For instance, for some communities, when they say "python" they mean python only via conda environments (including a lot of pangeo / python geospatial world). Others are more agnostic about this or prefer pip-based channels.
Specifically for spatial, I think that having all libraries (python and R) using a modern GDAL and complete GDAL is super important. But as you know, the majority of options out there love packaging with old versions of GDAL and with versions of GDAL that are built without support arrow/parquet drivers.
Geospatial ML stuff that needs the massive CUDA libraries for GPU-accelerated tasks is obviously another wrinkle not everyone needs.
And of course python being what it is, we can hit incompatible environments -- I have some spatial projects that wind up with a hard dependency on, say, pandas < 2.0 and others with pandas >= 2.0.

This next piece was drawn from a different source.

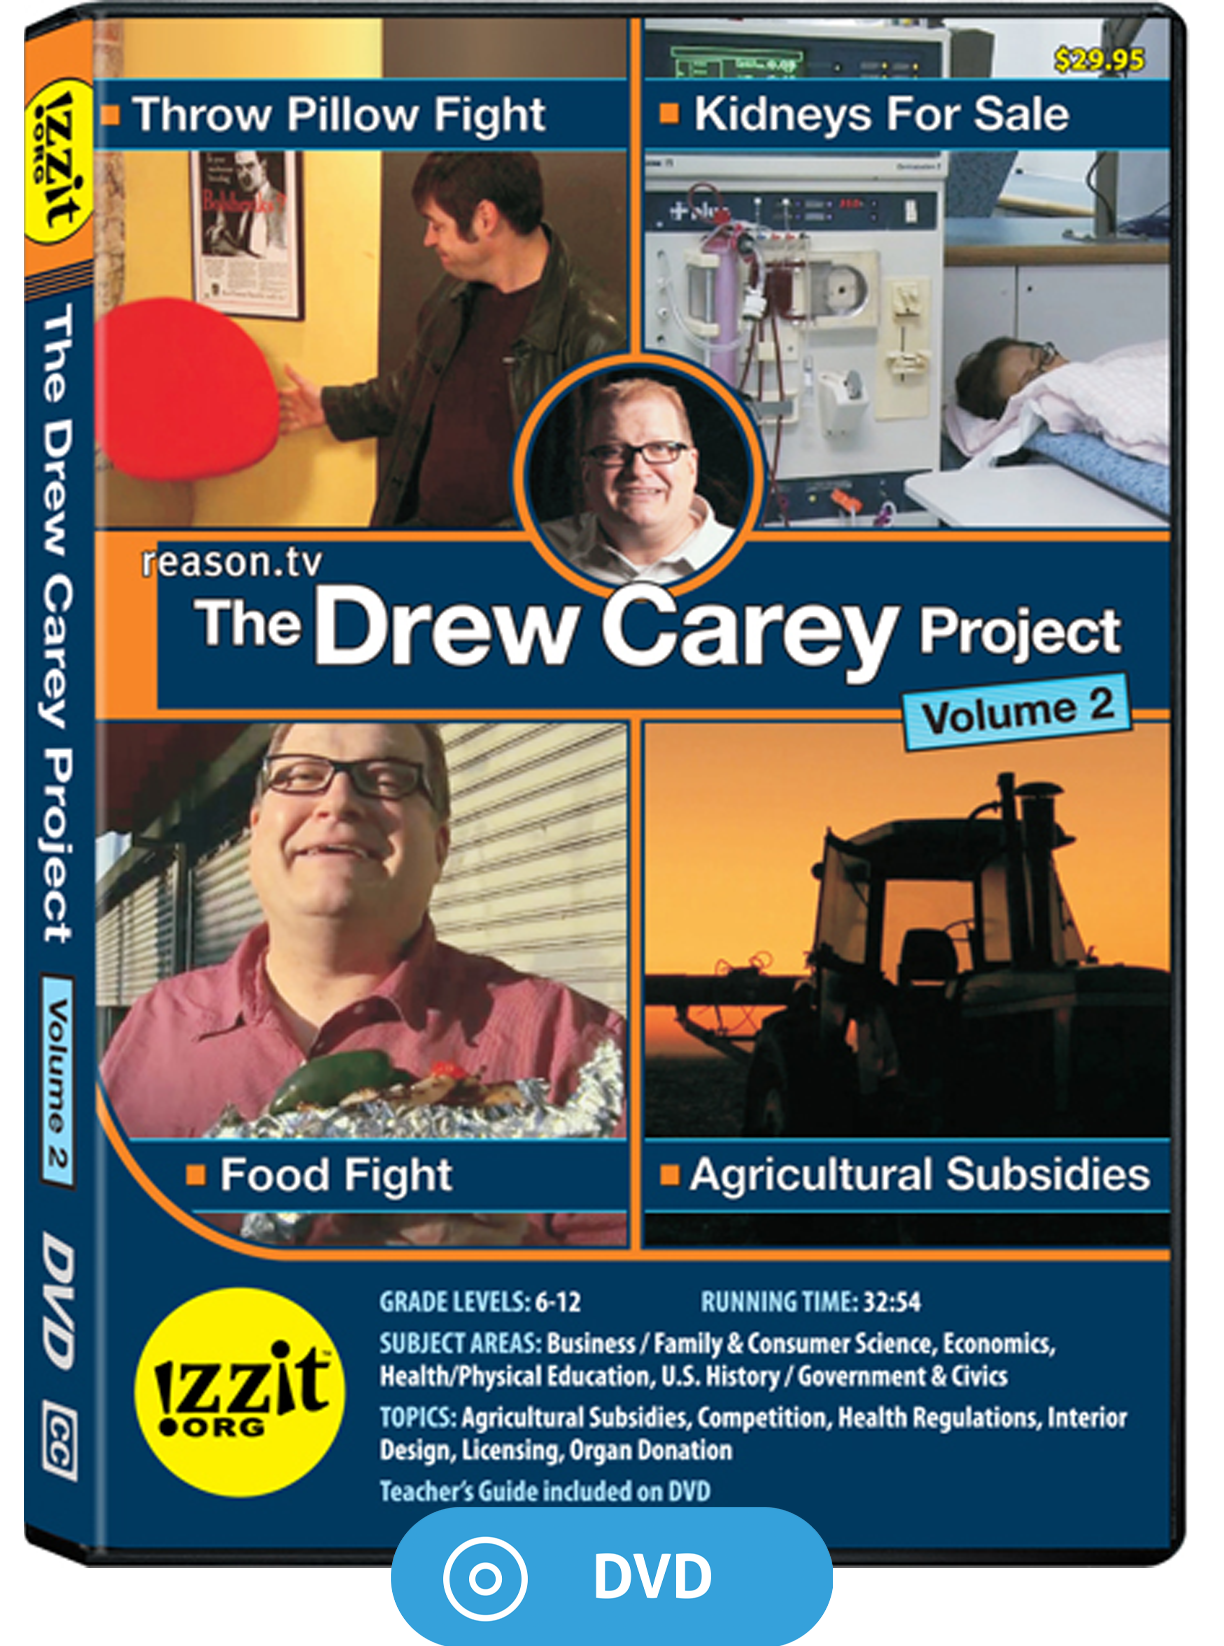 The Drew Carey Project Volume 2 DVD

My point here is that I don't think we'll ever have a one-size-fits-all cross-language container. But a geocompx-specific container(s) seems better defined. I think we do need good base images so that such containers don't need to do everything from scratch, and maybe we're not there yet either. (especially in supporting IDE/interactive use -- I've recently followed the examples of @benz0li and others in seeing JupyterLab-based containers as the best way to support both R and python in the same interactive environment). I think we could also benefit from more streamlined ways to for users to customize and extend containers and build on each-other's extensions (e.g. @eeholmes has done some impressive work for this at NOAA) but it's still harder than it should be!

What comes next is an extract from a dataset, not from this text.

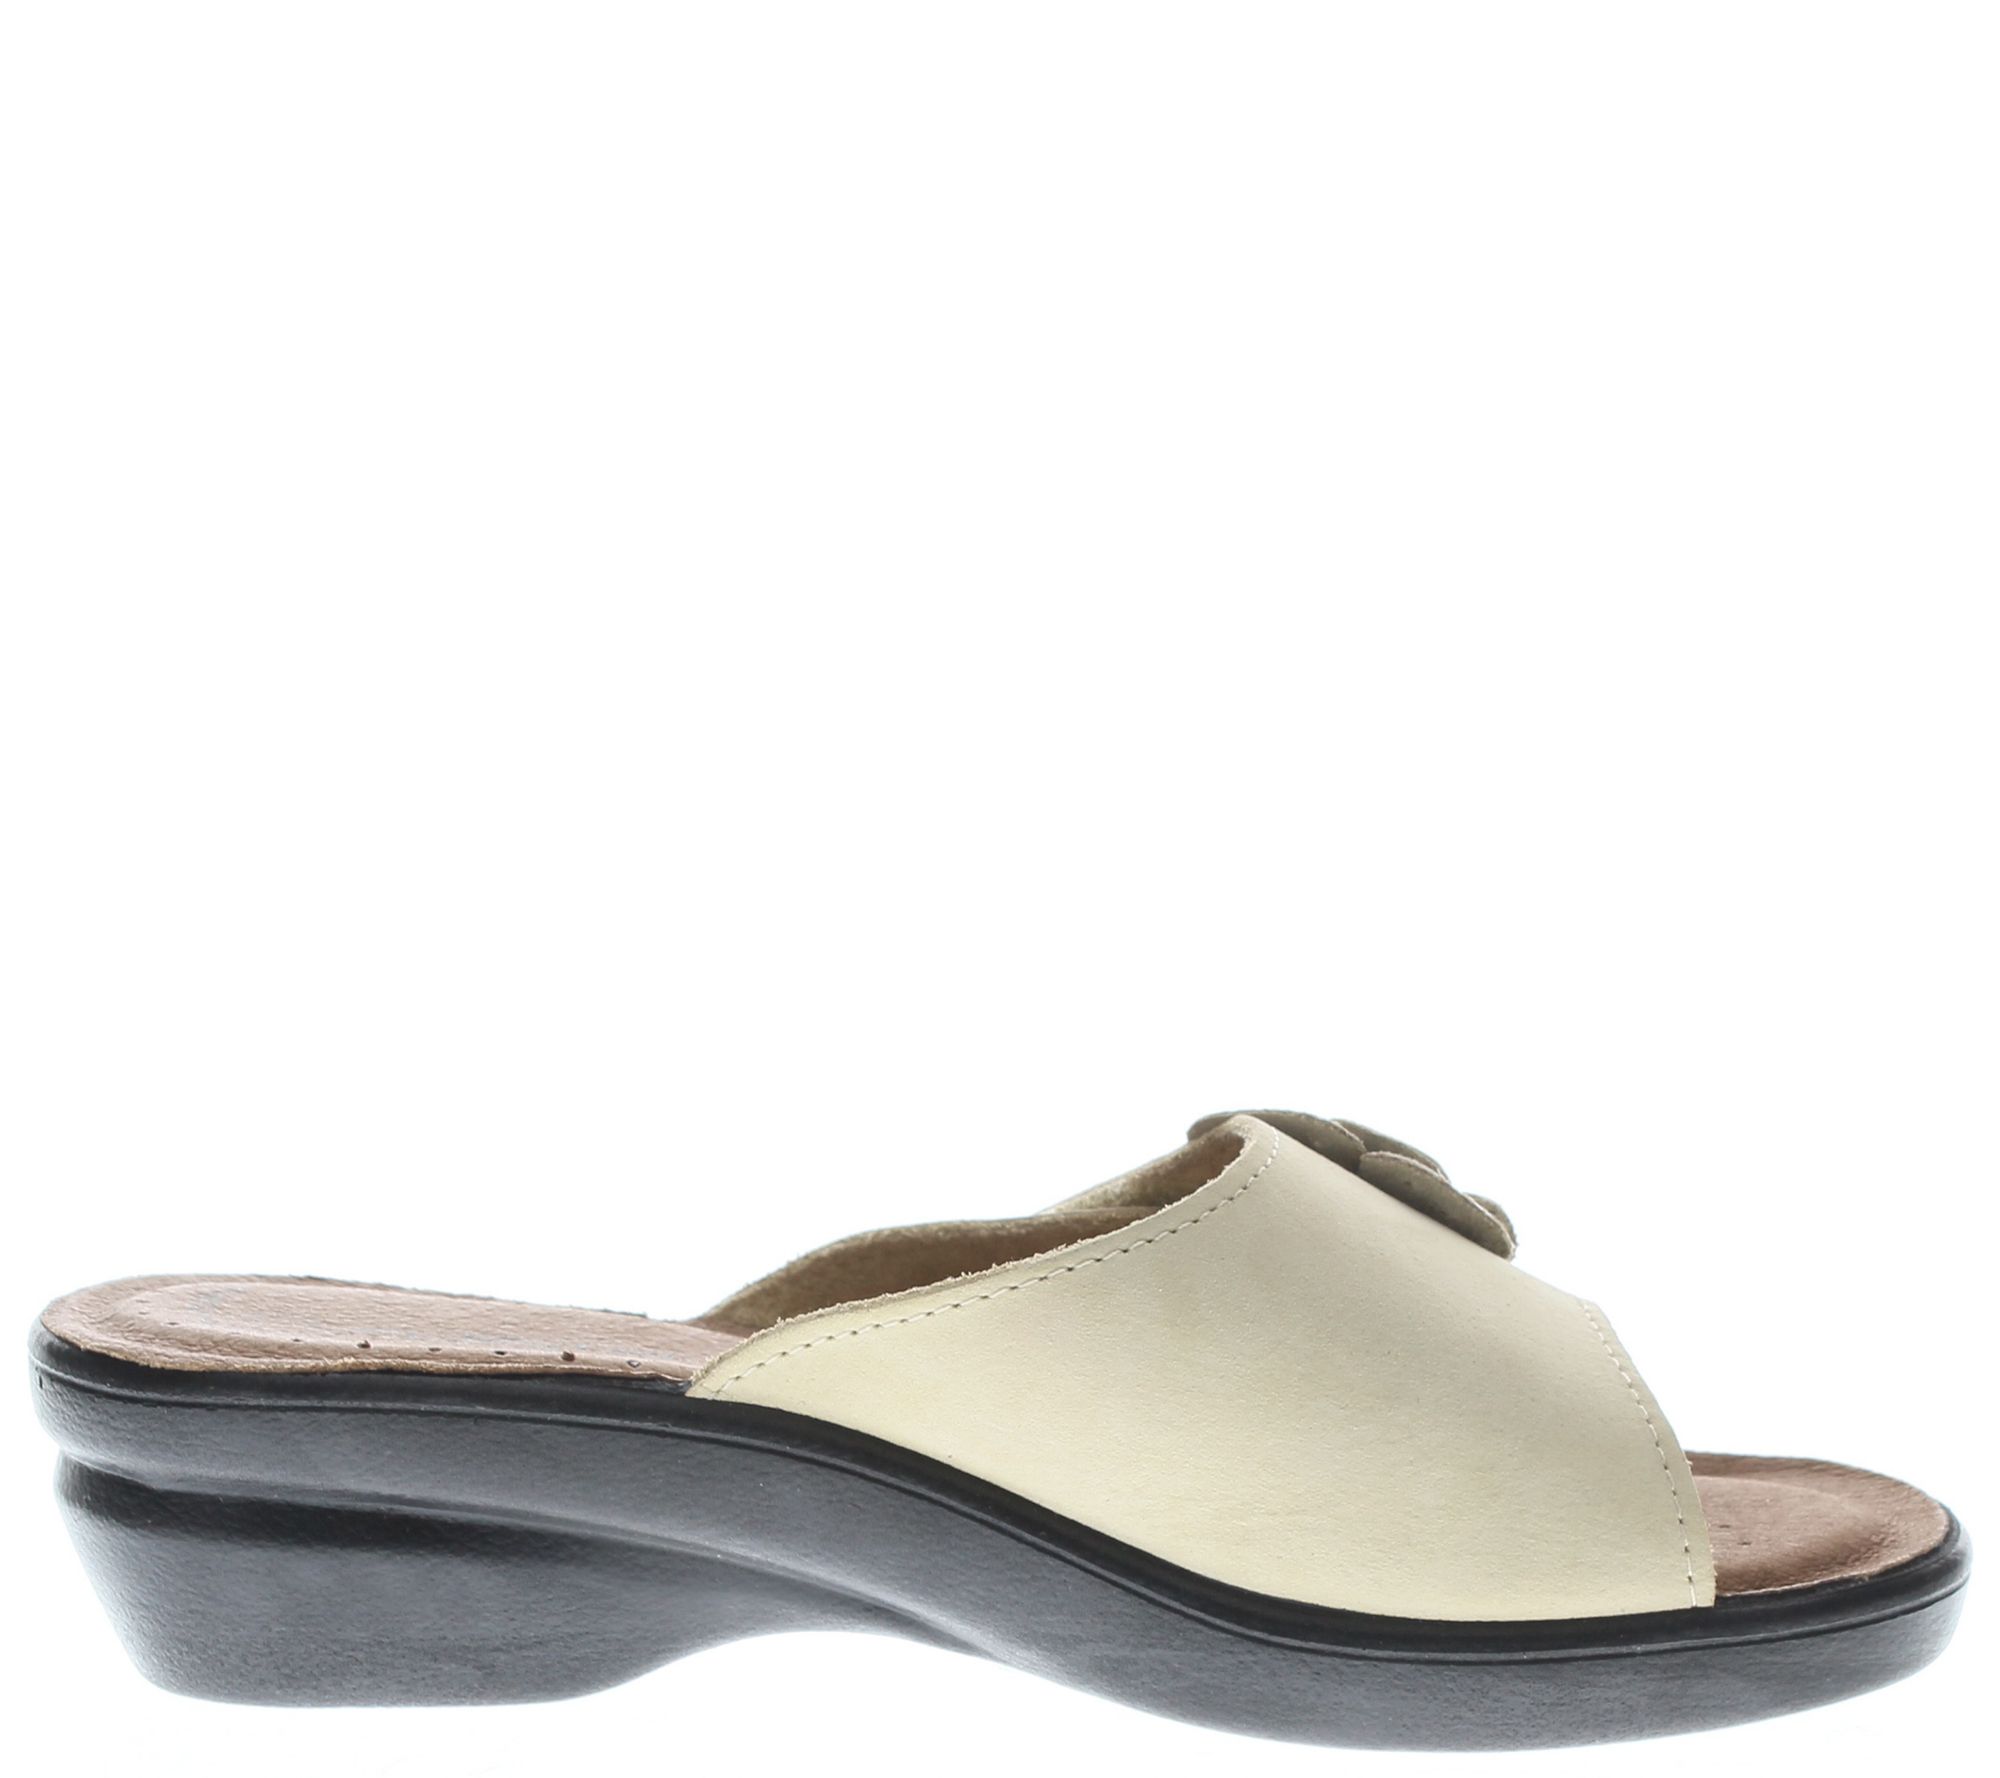 Flexus by Spring Step Leather Slide Sandals - Fabia - QVC.com

Thanks @cboettig that is really helpful. Agreed re. specificity and in fact I think we can be specific and objective: we need a container that can:
bookdown::serve_book(".")
quarto preview
It seems to me that pixi
is a good way to manage cross-language environments. According to @MartinFleis, because it uses conda, will share deps where possible. Agree re. out-of-date deps but I think we don't need cutting-edge GDAL etc for our needs. Any thoughts on that v. welcome.
Working hypothesis is that extending https://github.com/geocompx/docker/blob/master/pixi-r/Dockerfile will be the quickest way to meet those criteria but not sure and feel like I'm trying things blind, very happy to start with other things and test different approaches :pray:
Just wondering, do you have well-supported cross-language images?
@Robinlovelace Yes.
Both JupyterLab Julia docker stack and JupyterLab R docker stack include Python.
@Robinlovelace Regarding «Work in a devcontainer»:
But I think R qgisprocess is the one you are looking for: devcontainer.json, R.Dockerfile.
ℹ️ R and Julia images have Python (currently v3.11.5[^1]) installed, too.
Originally posted by @benz0li in https://github.com/geocompx/geocompy/issues/188#issuecomment-1700986248
[^1]: currently v3.12.6.
The Data Science dev containers are based on the language docker stacks.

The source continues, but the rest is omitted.